Sweet potato is in fact better than the regular potato in terms of nutrition. Sometimes kids or many adults too simply refuse to eat sweet potatoes. The sweet potatoes impart a subtle sweetness to the chaat. This chaat is nutritious as well as delicious and appeals to one and all whether young or old! To make it more delicious just add the Sweet and sour dates chutney and some Spicy chilli garlic chutney to the chaat. One can improve even by adding finely chopped cucumbers or apples or some pomegranate for that extra freshness or even grated carrots or beetroots! The options are endless and one can always add more ingredients as per preference, keeping the health quotient as the main focus!
Health bhi aur taste bhi!!
Spicy chilli garlic chutney, also called as Tikhat Lasun Chutney or Lasan ni Chutney too, just like the sweet and sour dates chutney, is a much needed dip for chaats or to be served with dhoklas. The spiciness depends on the type of red chillies used and can be adjusted as per preference.
I stock up on this chutney in the refrigerator as it has a good shelf life and comes handy with certain dishes. It gives a much needed spice and flavour to the chaats or the plain khaataa dhokla. Can be used in the preparation of many other of chilli garlic flavour or can be even had as an accompaniment with some plain vegetable and daal rice too.
Here goes the recipe for Spicy Chilli Garlic Chutney.
- 20 Dry Red Bedgi Chillies
- 10 Garlic cloves
- 1/2 tsp Cumin seeds
- Salt to taste
- To make the spicy chilli garlic chutney, soak the dry red Bedgi chillies in hot water for about an hour.

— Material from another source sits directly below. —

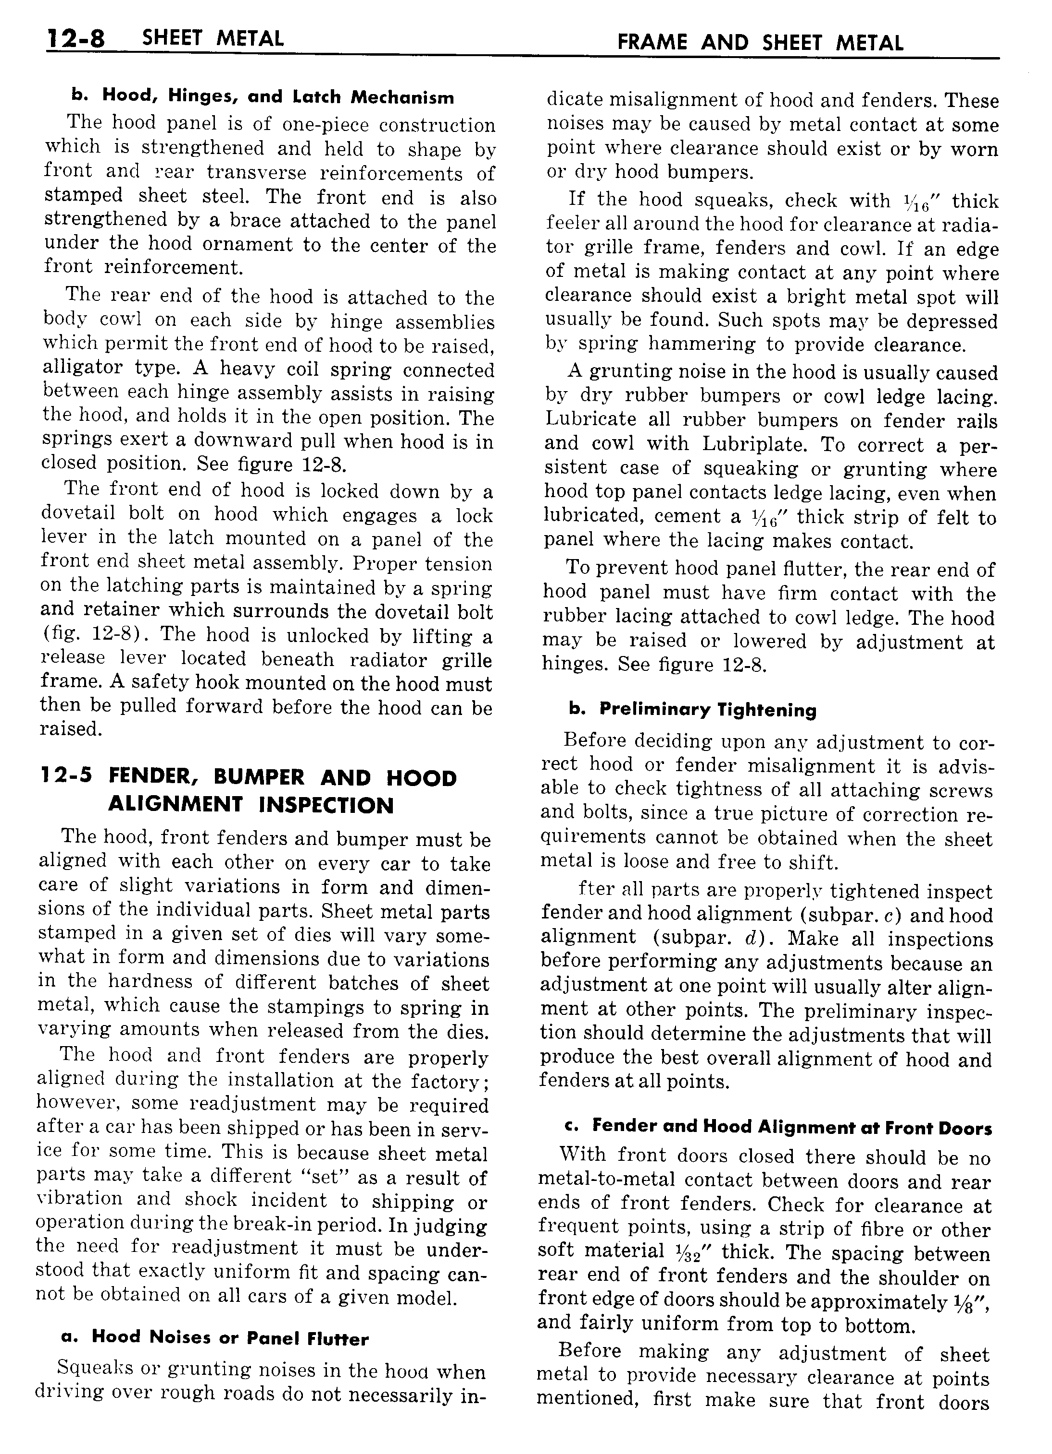 n_13 1957 Buick Shop Manual - Frame & Sheet Metal-008-008.jpg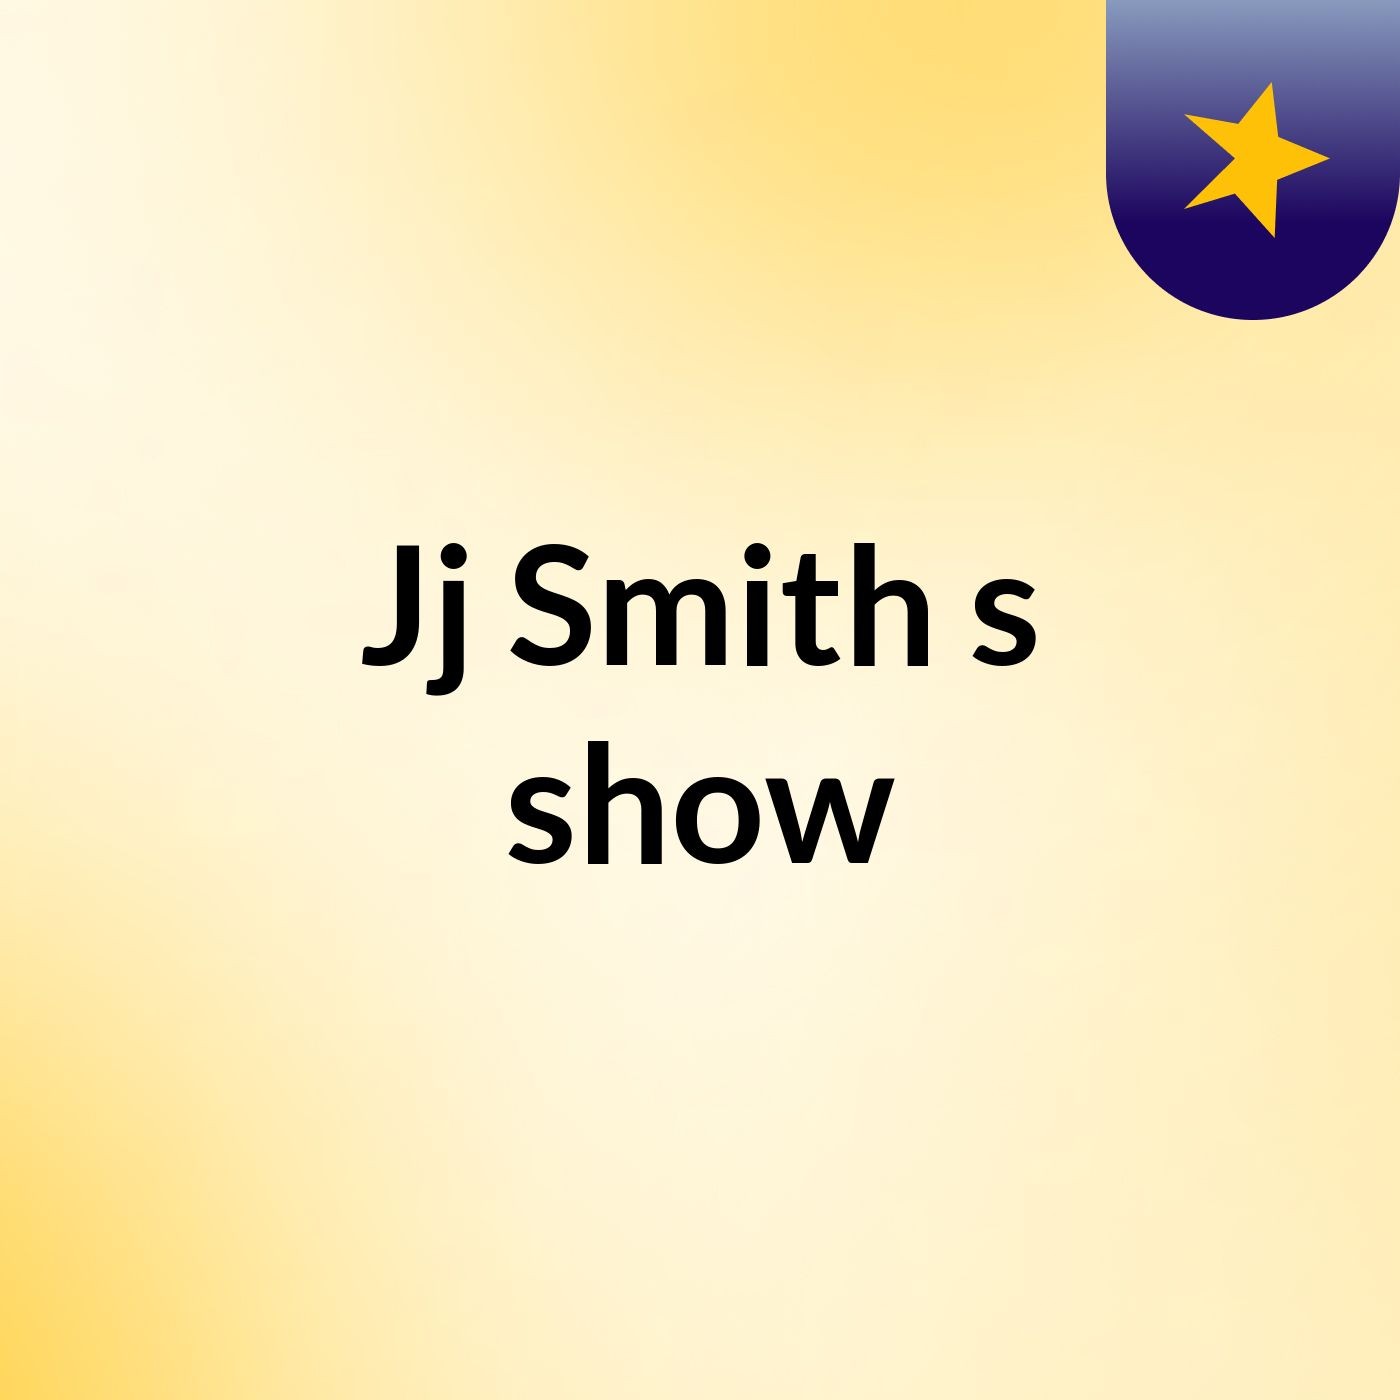 Jj Smith's show

- Drain and grind together with the garlic, cumin seeds and salt to a fine paste using sufficient water.
- Store in airtight jar in the refrigerator till further use.
Sweet and Sour Dates Chutney, also called as Khajoor Imli ki Chutney is a very delicious and healthy dip. A must in chaats or with Samosas or Vada paav, this is almost an iconic dip.
Due to the dates, tamarind and jaggery used, it is high on the health quotient! It imparts the much needed tang and sweetness to any dish. Indian street food or chaats or parathas, the list is endless, are all incomplete without this Dates and Jaggery Chutney. Though I seriously doubt how much dates or jaggery is used by the roadside hawkers selling those chaats! But homemakers do use these healthy ingredients!
Nowadays I have just started making this chutney on a large scale and storing it in the refrigerator in jars. It can stay upto many months in a refrigerator and comes handy whenever you want to make any chaat. Here goes the recipe for this Delicious Dates Chutney!
- 10 Dates
- 1/2 cup Tamarind
- 1 1/2 cup Jaggery
- 1 tsp Roasted Cumin powder
- 1/2 tsp Red chilli powder
- 1/2 tsp Salt
- 1/2 cup Water
- To make the Sweet and Sour Dates Chutney, first soak the dates and tamarind separately in hot water for about an hour.
- Deseed the dates and grind to a smooth puree without using additional water.
- Deseed the tamarind too and grind to a smooth puree.
- Heat a heavy bottomed pan, and add the water to it. Add both the purees and the jaggery to it and mix well.
- Cook on high flame stirring occasionally till the jaggery dissolves.
- Check for tanginess and sweetness. More or less jaggery and tamarind should be used as per preference. Adjust as per one’s taste.
- Add the spice powders and salt. Mix and switch off the heat.
- Cool and store in airtight container in the refrigerator till further use.